Przygotowanie tego dania zawsze zaczynam od siekania i smażenia cebuli. Już sam ten zapach, unoszący się w kuchni zapowiada nie najgorszy smak. Jeżeli nie bardzo mamy czas na przygotowania, a w dodatku okazuje się, że niezapowiedziani i wyjątkowo wygłodniali goście (od czasu prowadzenia bloga, coraz ich więcej :) są już za rogiem, to bez wahania sięgam po ten przepis. Dzisiejszy mój pomysł na ugoszczenie przyjaciół, nie należy do wyjątkowo wykwintnych, ale przy możliwie małym nakładzie pracy, można równie uroczo wyczarować posiłek.

Skład:

Przepis na 4-6 hamburgerów

450-500 g chudego mięsa wołowo-wieprzowego (mielonego)

1 cebula (smażona i pokrojona w kostkę)

1 cebula do hamburgerów

1-2 łyżki oliwy z oliwek

duża szczypta świeżo zmielonego pieprzu

1-2 łyżeczki chili

1-2 łyżeczki ziół prowansalskich

200 ml majonezu

garść pokrojonego sera pleśniowego

garść świeżej rukoli

pieczywo do hamburgerów

szczypta soli 

oliwa z oliwek do smażenia

A oto jak to zrobić:

1. Mieszamy mięso ze smażoną i pokrojoną w kostkę cebulą, dodajemy chili, zioła prowansalskie, oliwę z oliwek. Doprawiamy solą i pieprzem. Formujemy po kolei hamburgery. 

2. Rozgrzewamy patelnię z odrobiną tłuszczu i smażymy hamburgery 2 minuty z jednej strony, przekładamy na drugą stronę i smażymy jeszczę 1 minutę. Po smażeniu hamburgery możemy położyć na ręcznik papierowy, żeby pozbyć się nadmiaru tłuszczu.

3. Drugą cebulę kroimy w plastry i lekko podsmażamy na patelni. W małej miseczce łączymy majonez w kawałkami sera pleśniowego. 

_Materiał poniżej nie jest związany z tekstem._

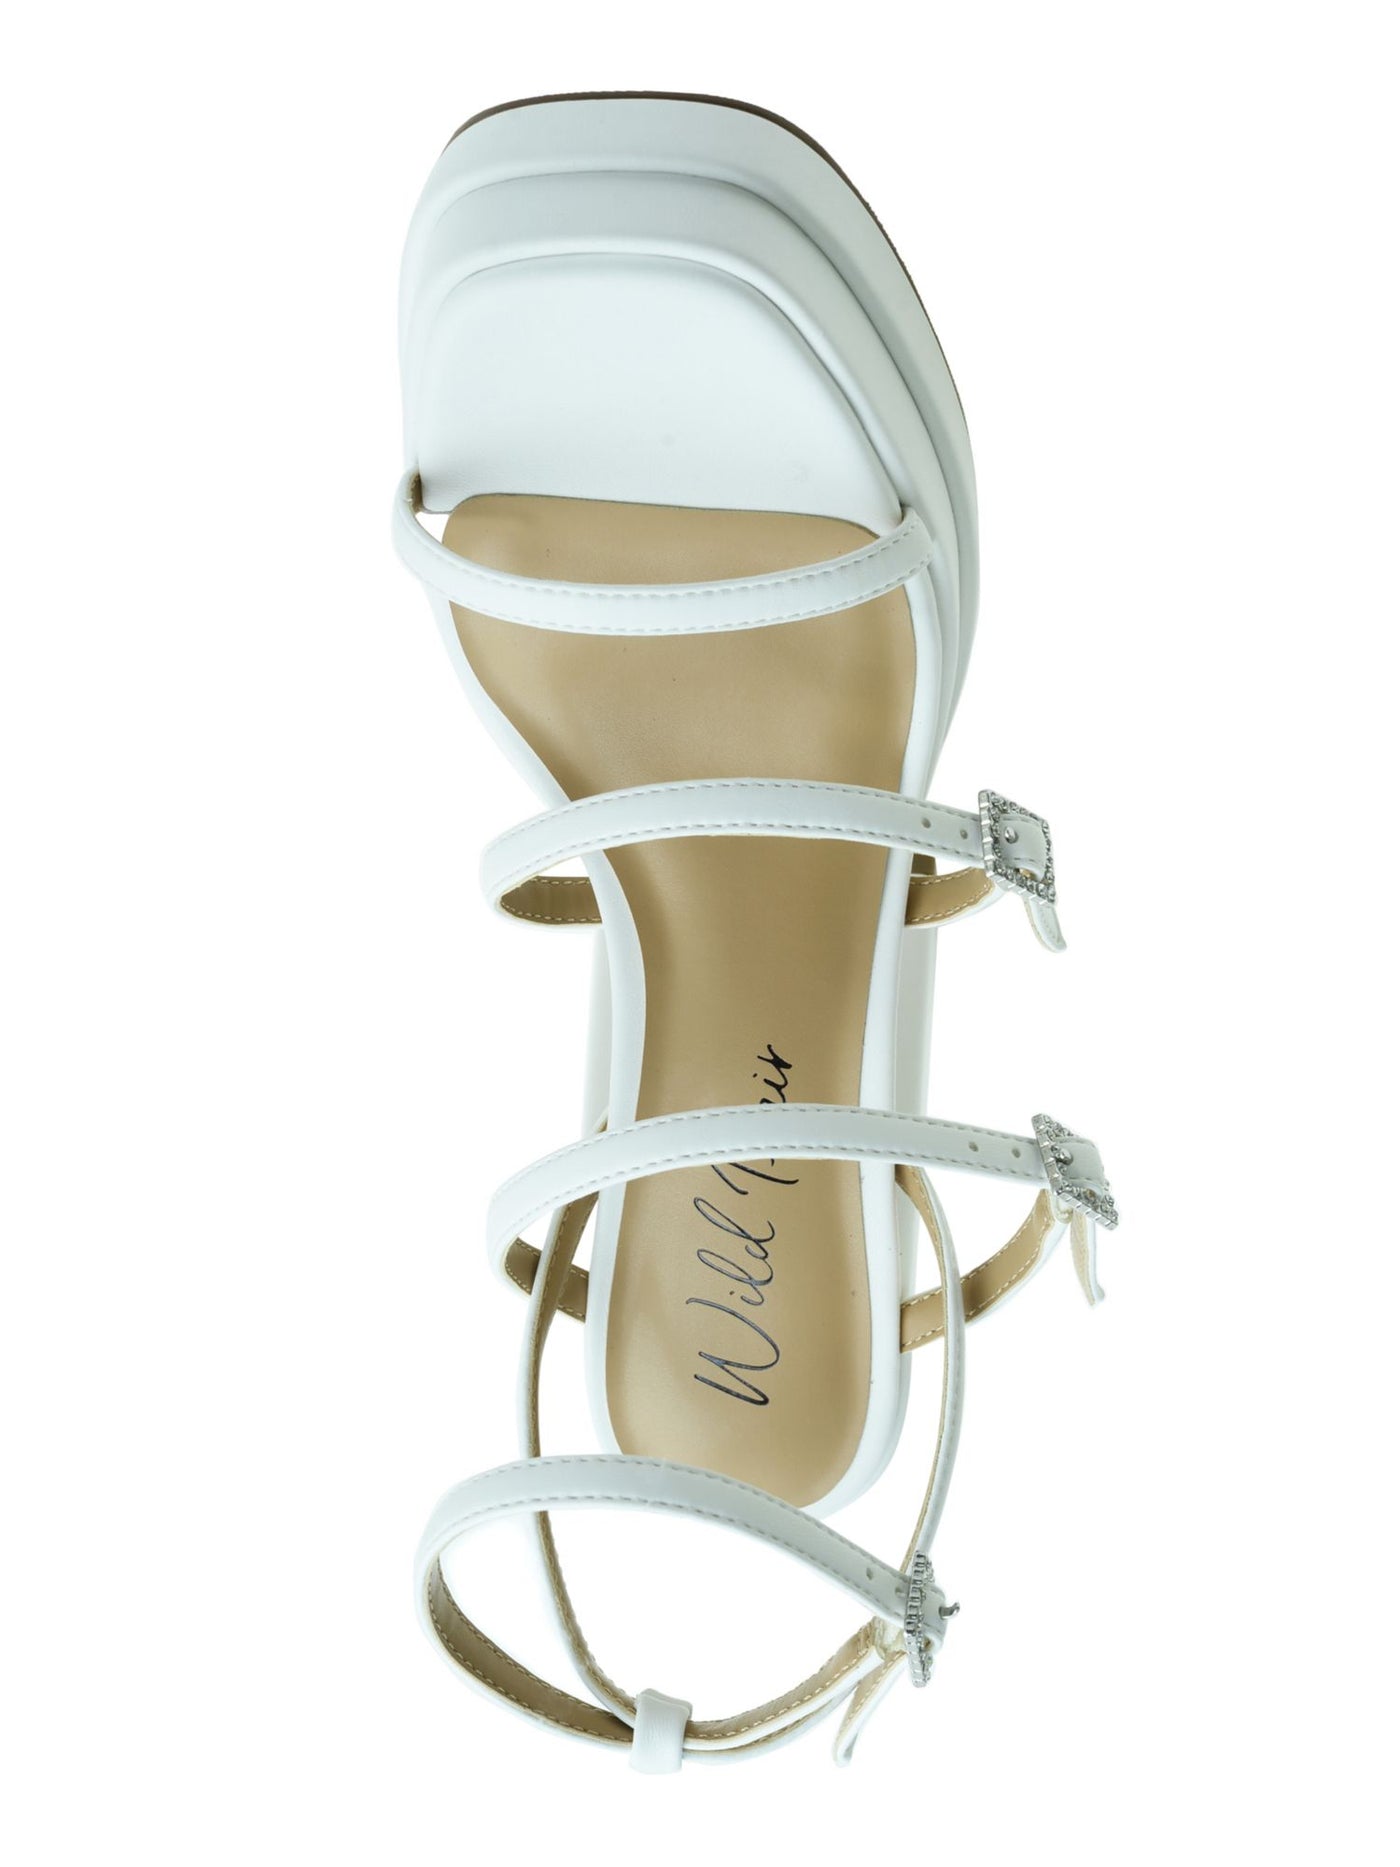 WILD PAIR Womens White 1-1/2" Platform Padded Ankle Strap Goring Olyve Open Toe Block Heel Buckle Heeled Sandal 8.5 M

4. Hamburgery podajemy w podgrzanej bułce, posmarowanej sosem majonezowym oraz z podsmażoną cebulą i świeżą rukolą. Ja osobiście, dodaję jeszcze dodatkowo plasterek sera pleśniowego.

Mięso łączymy z podsmażoną cebulką, chili i z ziołami prowansalskimi.

Dodajemy oliwę z oliwek i formujemy hamburgery.

Smażymy hamburgery 2 minuty z jednej strony, przekładamy na drugą stronę i smażymy jeszczę 1 minutę.

Majonez łączymy z serem pleśniowym.

Cebulę kroimy na plastry i lekko podsmażamy na patelni.

Hamburgery podajemy w podgrzanej bułce, posmarowanej sosem majonezowym oraz z podsmażoną cebulą i świeżą rukolą. 

Osobiście nie przepadam za specjalnym pieczywem przeznaczonym do hamburgerów i preferuję świężą ciabatkę.